**TASK PROMPT**:
The line that contains "ようこそ楽園へ!沖縄の高画質な壁紙画像まとめ" marks the start. Please set it down, with every later line of the data, exactly and without pictures.

**DATA EXTRACT**:
----

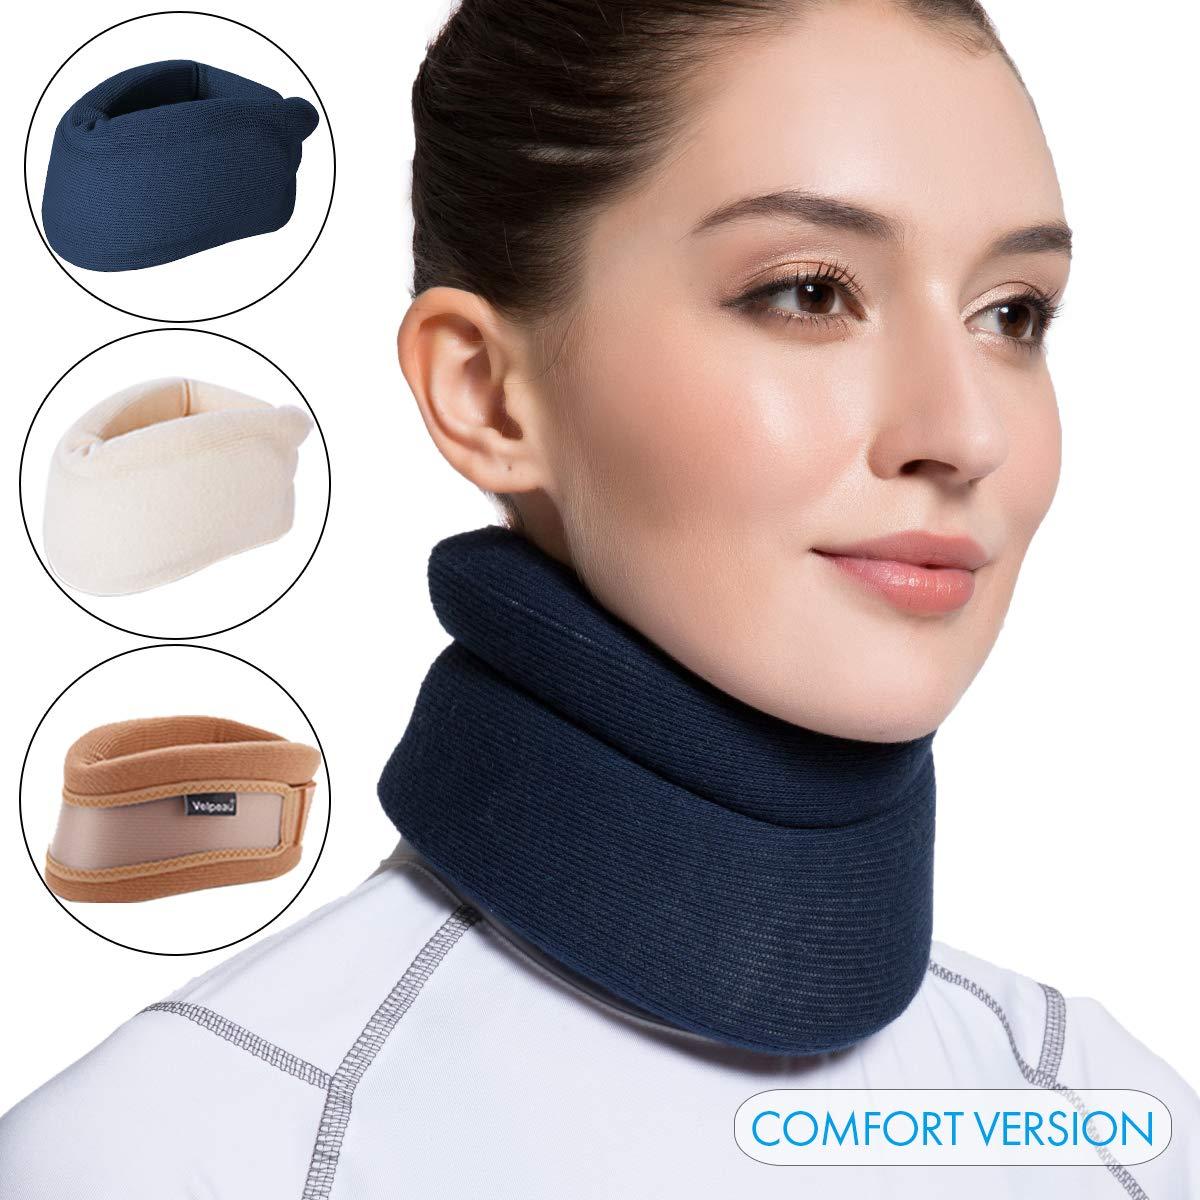 Velpeau Brace Foam Cervical Collar
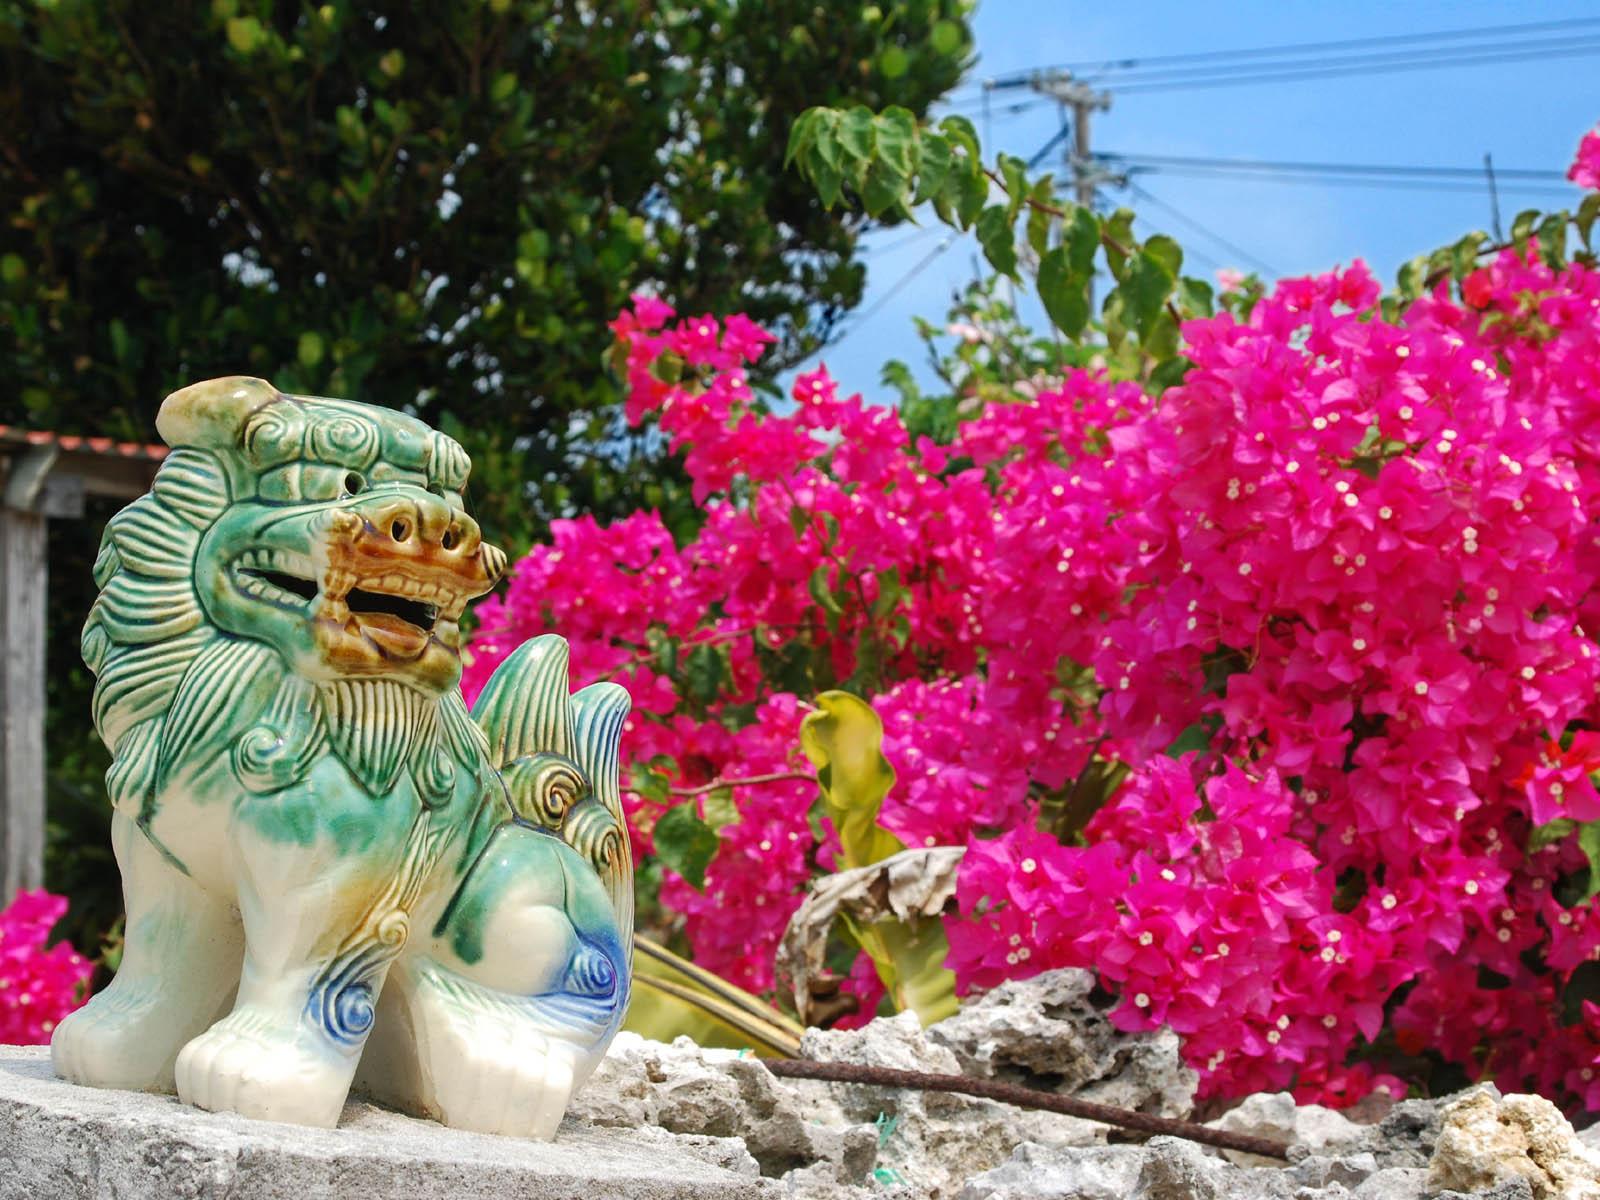 ようこそ楽園へ!沖縄の高画質な壁紙画像まとめ
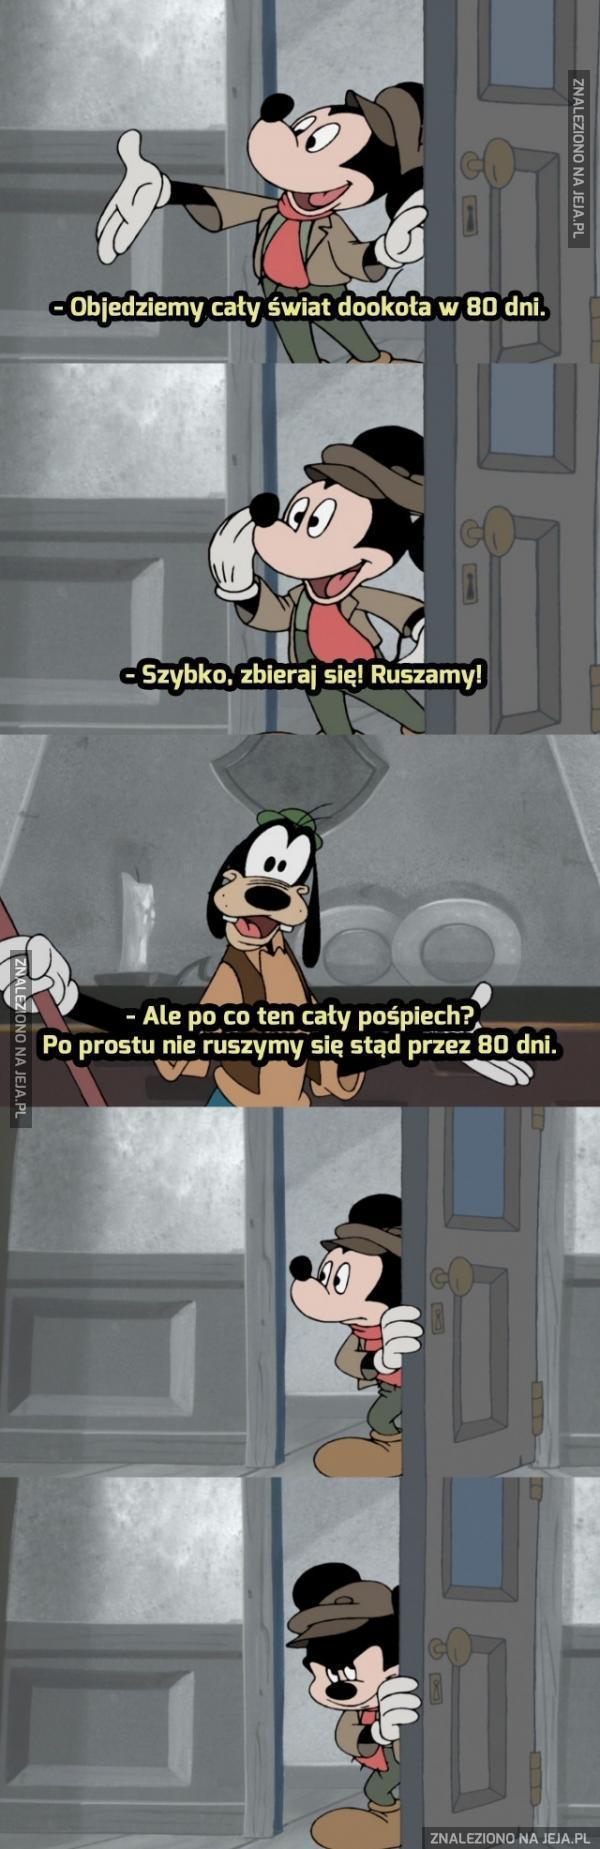 Goofy, ty cholerny geniuszu!
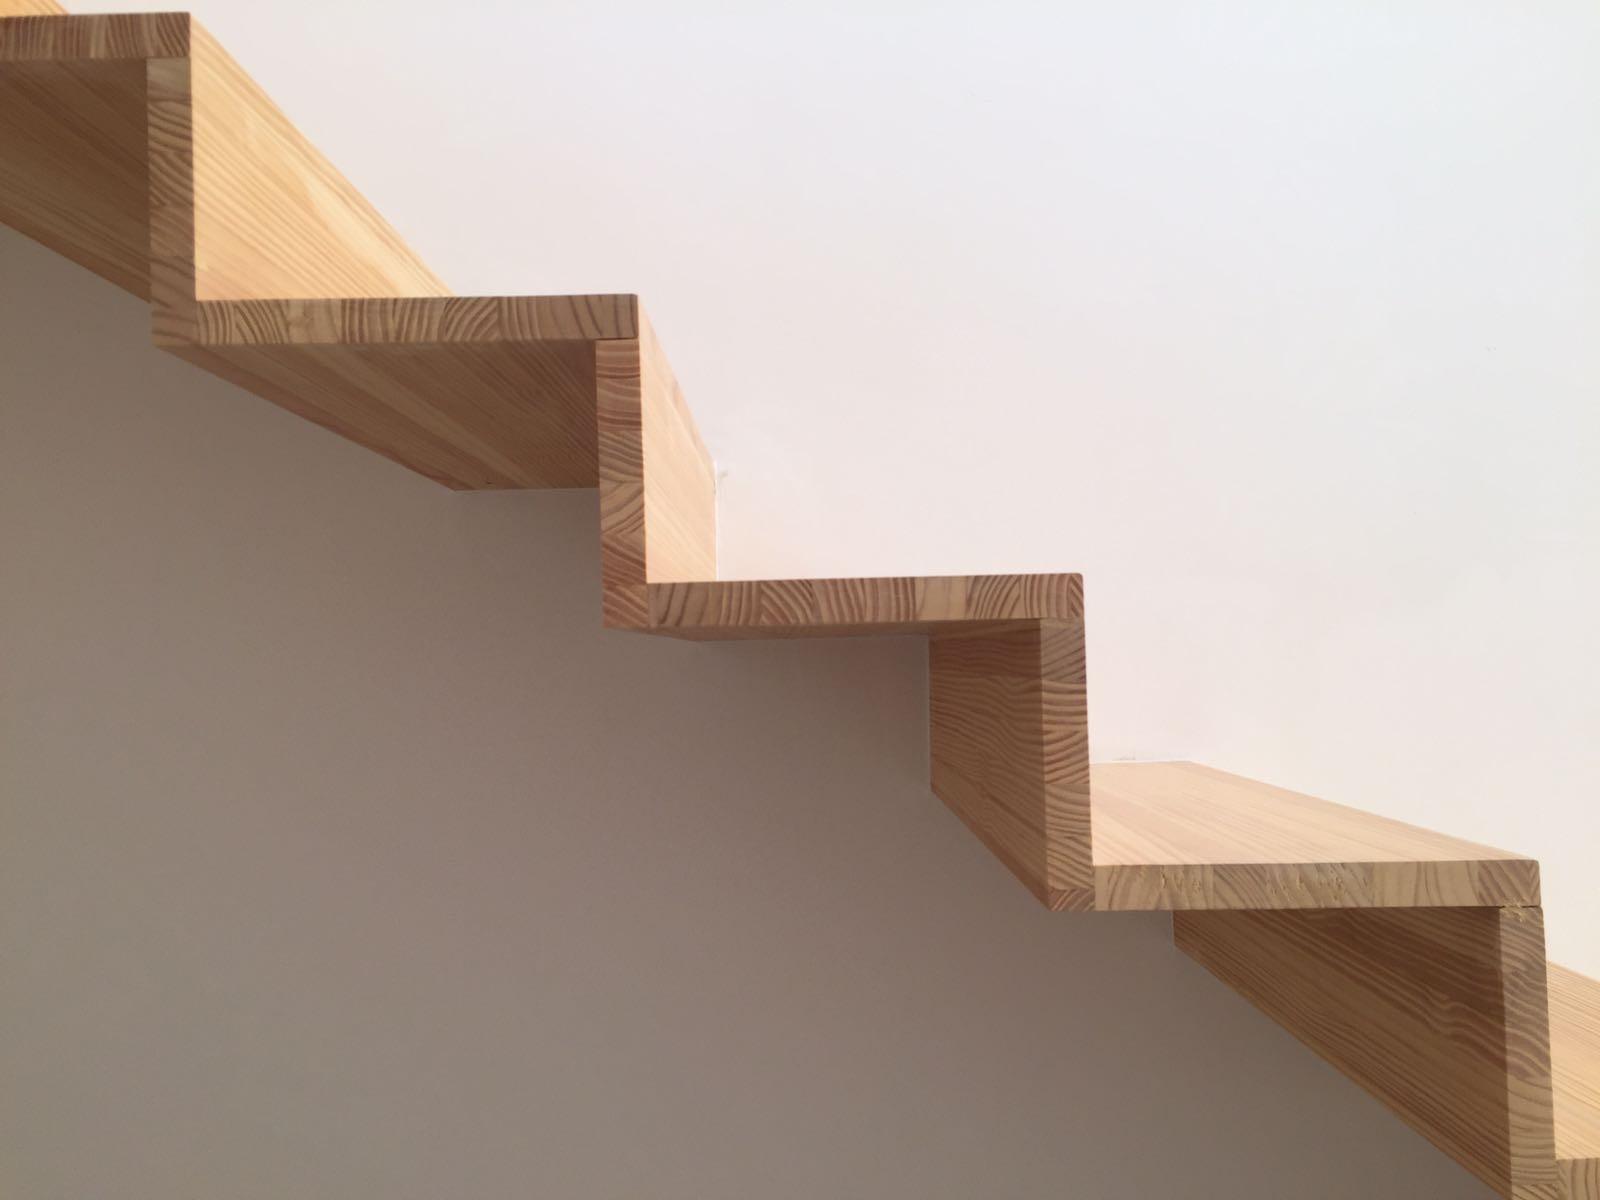 Barnizar madera for Como barnizar madera

----

**OUTPUT FOR THIS EXERCISE**:
 ようこそ楽園へ!沖縄の高画質な壁紙画像まとめ
 Goofy, ty cholerny geniuszu!
 Barnizar madera for Como barnizar madera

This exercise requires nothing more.